Can ve Erdem’in
özgürlüklerine kavuştuğu haberini aldığımda ilk aklıma gelen
şey,Ege Dündar’ın Strasbourg’da bana söylediği
sözler oldu.
Can Dündar ve Erdem Gül için yapılan bir dayanışma toplantısının
ardından otele döndüğümüzde, Can’ın oğlu Ege ile asansörde
karşılaştık. Birden çözülüveren Ege bana, “Nilgün
Abla” dedi:
“Silivri’ye gittiğimde en zor şey babamdan ayrılmak oluyor. Kapıya
yöneldiğimde her defasında arkamdan o da benimle gelecek duygusuna
kapılıyorum. Sonra onu bırakmak her seferinde çok koyuyor.
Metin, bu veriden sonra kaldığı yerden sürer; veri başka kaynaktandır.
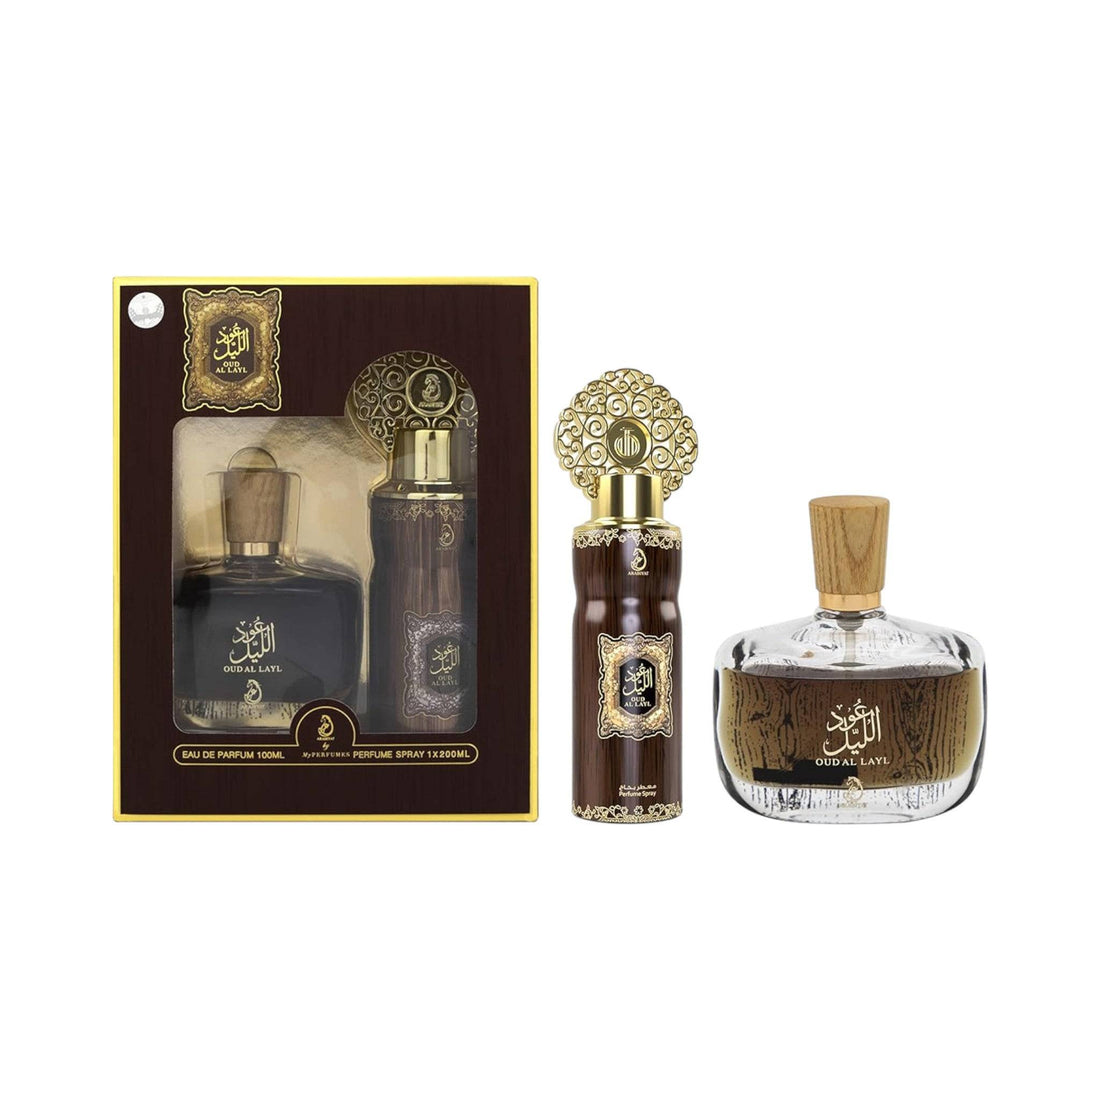 Oud Al Layl Gift Set by My Perfumes, capturing Arabian essence in a sophisticated bottle.
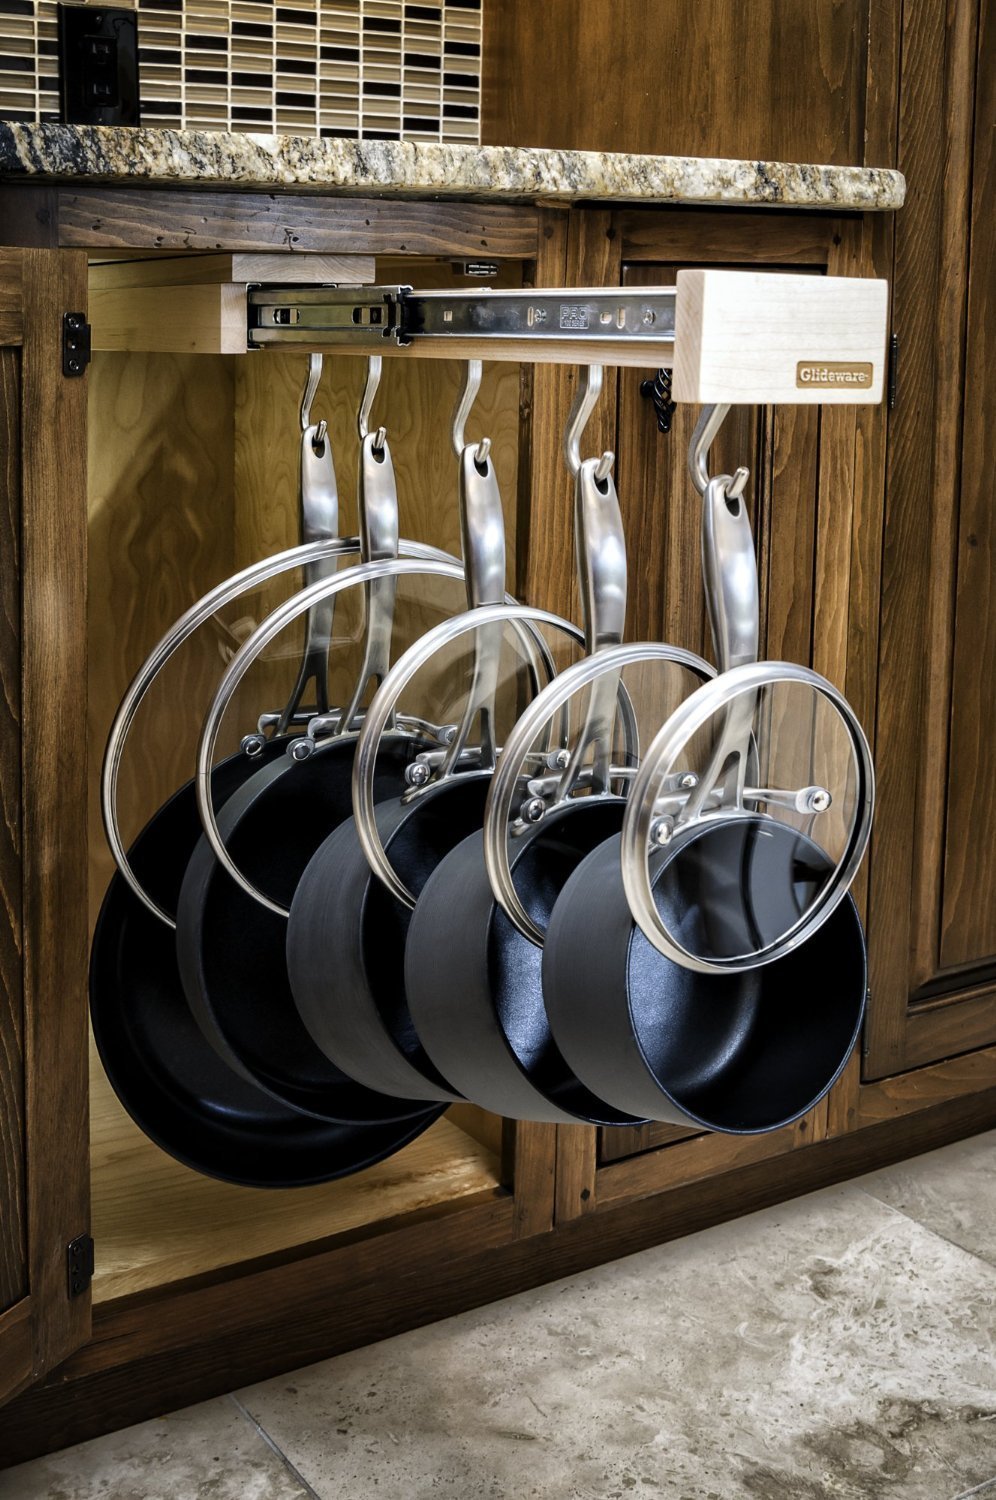 organizing pots and pans ideas & solutions

O
nedenle aklımda hep kendime tarihler koyuyorum. ‘Yılbaşında
çıkacak’ diyorum örneğin, ‘Yeni yıla birlikte
gireceğiz’ diye düşünmek istiyorum!”
Ege’yi o an nasıl teselli edeceğimi bilememiş ama umudu elden
bırakmayan azmine hayran kalmıştım.
Can’ın güzel ailesi, gururla yolunu bekleyen biricik
annesi Öznur Hanım; “Can’ı
ellerimizle teslim ettik, ellerimizle alacağız!” duruşundan
asla taviz vermeyen dirençli eşi Dilek
Dündar, aynı azimle Silivri badiresi sınavından geçtiler.
Hepsine geçmiş olsun!
Gazetecilik suç değildir
“Tahliye” anını beklerken aklıma düşen ikinci görüntü,
Strasbourg’da “Place Kleber”in kalbine asılan devasa bir afiş
oldu. Can’ın fotoğrafının yanında iri puntolarla
yazılmış “Gazetecilik suç değildir” sözlerinin yer aldığı
afiş, Avrupa İnsan Hakları kentinin merkezinde bugün hâlâ asılı
duruyor.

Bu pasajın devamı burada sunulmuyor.